Before I dove in and started testing out budgeting apps, I had to do some research. To find a list of apps to try out, I consulted trusty ol’ Google (and even trustier Reddit); read reviews of popular apps on the App Store; and also asked friends and colleagues what budget tracking apps they might be using. Some of the apps I found were free and these, of course, show loads of ads (excuse me, “offers”) to stay in business. But most of the available apps require paid subscriptions, with prices typically topping out around $100 a year, or $15 a month. (Spoiler: My top pick is cheaper than that.)

All of the services I chose to test needed to do several things: import all of your account data into one place; offer budgeting tools; and track your spending, net worth and credit score. Except where noted, all of these apps are available for iOS, Android and on the web.

Once I had my shortlist of six apps, I got to work setting them up. For the sake of thoroughly testing these apps, I made a point of adding every account to every budgeting app, no matter how small or immaterial the balance. What ensued was a veritable Groundhog Day of two-factor authentication. Just hours of entering passwords and one-time passcodes, for the same banks half a dozen times over. Hopefully, you only have to do this once.

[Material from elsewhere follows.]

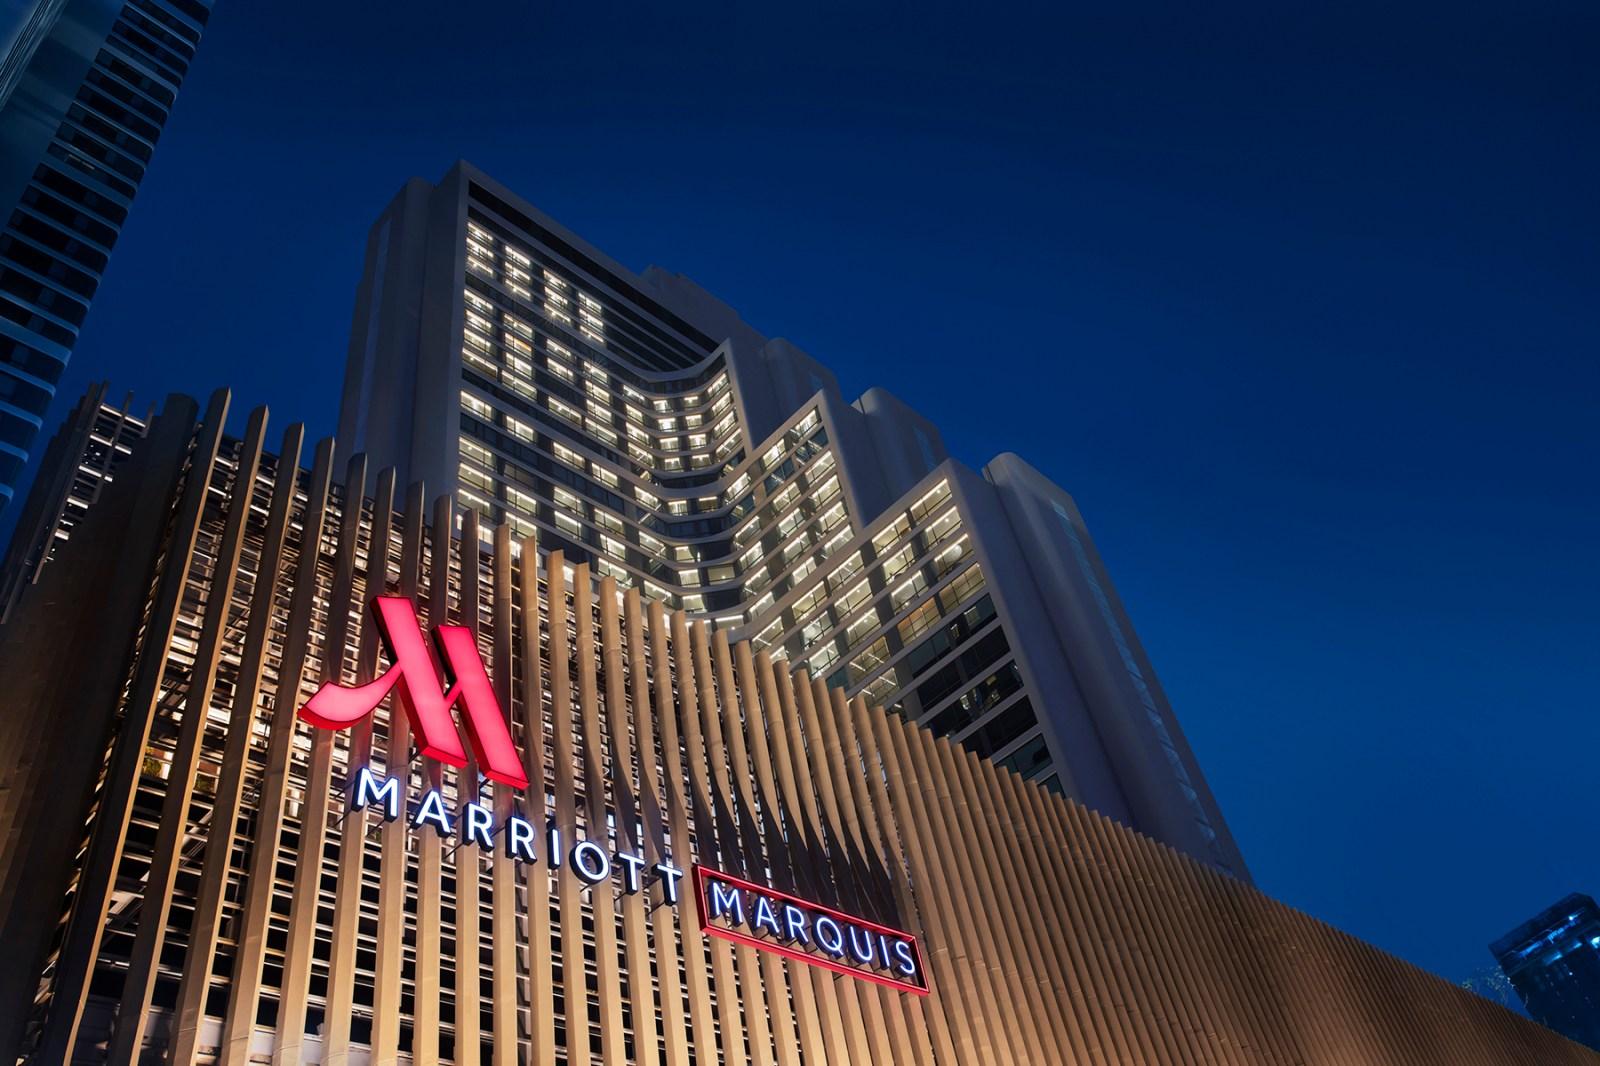 Marriott Marquis Queen's Park 於曼谷正式啟業

What is Plaid and how does it work?

Each of the apps I tested uses the same underlying network, called Plaid, to pull in financial data, so it’s worth explaining what it is and how it works. Plaid was founded as a fintech startup in 2013 and is today the industry standard in connecting banks with third-party apps. Plaid works with over 12,000 financial institutions across the US, Canada and Europe. Additionally, more than 8,000 third-party apps and services rely on Plaid, the company claims.

To be clear, you don’t need a dedicated Plaid app to use it; the technology is baked into a wide array of apps, including all of the budgeting apps listed in this guide. Once you find the “add an account” option in whichever one you’re using, you’ll see a menu of commonly used banks. There’s also a search field you can use to look yours up directly. Once you find yours, you’ll be prompted to enter your login credentials. If you have two-factor authentication set up, you’ll need to enter a one-time passcode as well.

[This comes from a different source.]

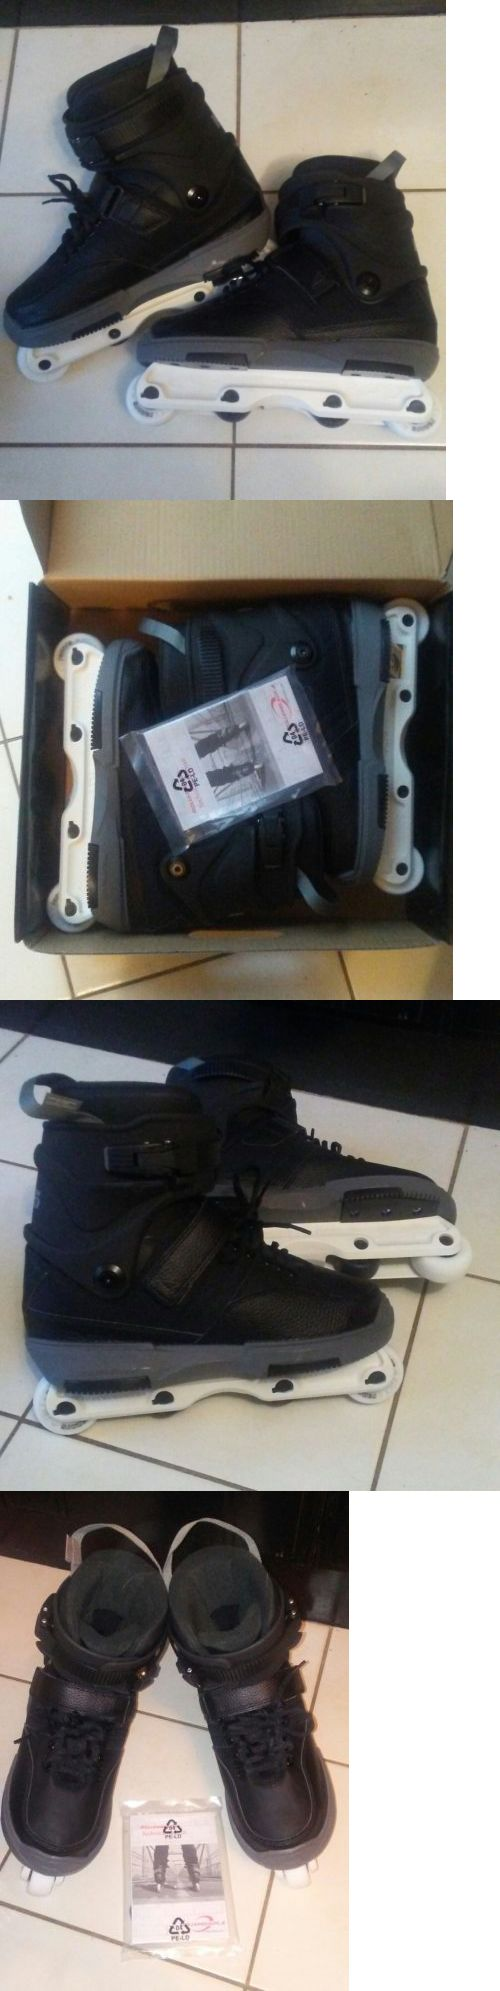 Men 47346: Rollerblade Nj5 Aggressive Inline Skates Size 9 -> BUY IT NOW ONLY: $160 on eBay!

As the middleman, Plaid is a passthrough for information that may include your account balances, transaction history, account type and routing or account number. Plaid uses encryption, and says it has a policy of not selling or renting customer data to other companies. However, I would not be doing my job if I didn’t note that in 2022 Plaid was forced to pay $58 million to consumers in a class action suit for collecting “more financial data than was needed.” As part of the settlement, Plaid was compelled to change some of its business practices.

In a statement provided to Engadget, a Plaid spokesperson said the company continues to deny the allegations underpinning the lawsuit and that “the crux of the non-financial terms in the settlement are focused on us accelerating workstreams already underway related to giving people more transparency into Plaid’s role in connecting their accounts, and ensuring that our workstreams around data minimization remain on track.”

Why did Mint shut down?

When parent company Intuit announced in December 2023 that it would shut down Mint, it did not provide a reason why it made the decision to do so. It did say that Mint's millions of users would be funneled over to its other finance app, Credit Karma. "Credit Karma is thrilled to invite all Minters to continue their financial journey on Credit Karma, where they will have access to Credit Karma’s suite of features, products, tools and services, including some of Mint’s most popular features," Mint wrote on its product blog. In our testing, we found that Credit Karma isn't an exact replacement for Mint — so if you're still looking for a Mint alternative, you have some decent options.